A new twist on interfacial tension

In a mixture of two molecular components, the surface tension is defined as the energetic cost per unit area of moving molecules from the bulk and bringing them to the interface. The higher the magnitude of the surface tension, the greater the tendency of two components to demix. Surface tension allows trees to carry nutrients from the roots out to the branches, and water striders to walk on the surface of water.

The interface between hydrophobic and hydrophilic components has very high interfacial tension. A common way to adjust the magnitude of surface tension is to add amphiphilic molecules (like soaps), which contain both hydrophilic and hydrophobic components. These amphiphilic molecules prefer to be at the interface between the two components, and effectively lower the interfacial tension, allowing the components to mix more easily. This is how detergent causes oily stains to dissolve in water.

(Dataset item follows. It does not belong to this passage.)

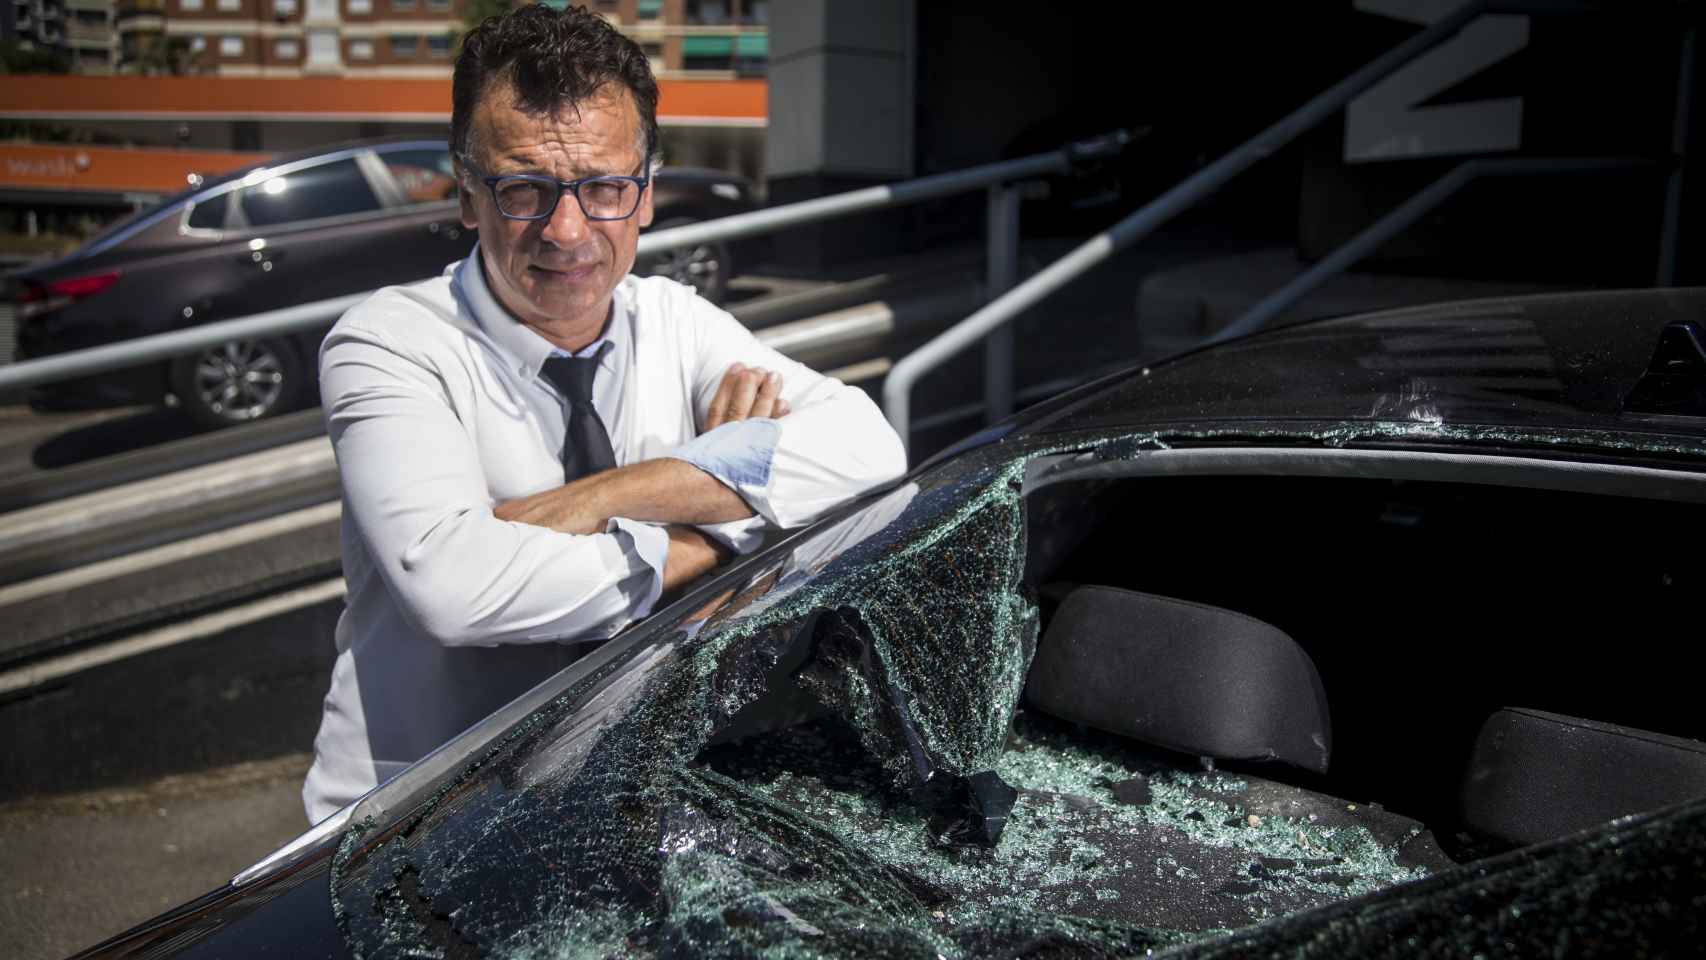 Rafael Navarro, chófer de Cabify en Barcelona, posando ante uno de los vehículos siniestrados.

In a recently published article in Nature, an interdisciplinary team of researchers at Brandeis headed by Zvonimir Dogic, and consisting of experimental, theoretical, and computational physicists as well as biologists, has demonstrated a new way of controlling interfacial tension using a molecular property called chirality, or lack of mirror symmetry. The study was performed on a model system of two-dimensional colloidal membranes composed of the rod-like bacteriophage virus fd, which are about one micrometer in length and 7 nanometers in diameter. The electrostatically repulsive virus particles are condensed into membranes through the depletion mechanism by adding non-adsorbing polymer to a virus suspension. Because the fd rods are chiral, they tend to twist by a small angle with respect to neighboring rods. However, the geometry of the membrane prevents twisting in the structure’s interior; only along the perimeter can the rods twist. Thus, increasing the strength of chirality of the rods both lowers the energy of the rods along the membrane’s edge and increases the frustration of untwisted rods in the bulk, lowering the interfacial tension. This contrasts the standard method of controlling interfacial tension using amphiphilic molecules, since the rod-like particles are completely homogenous, and do not contain any hydrophilic components.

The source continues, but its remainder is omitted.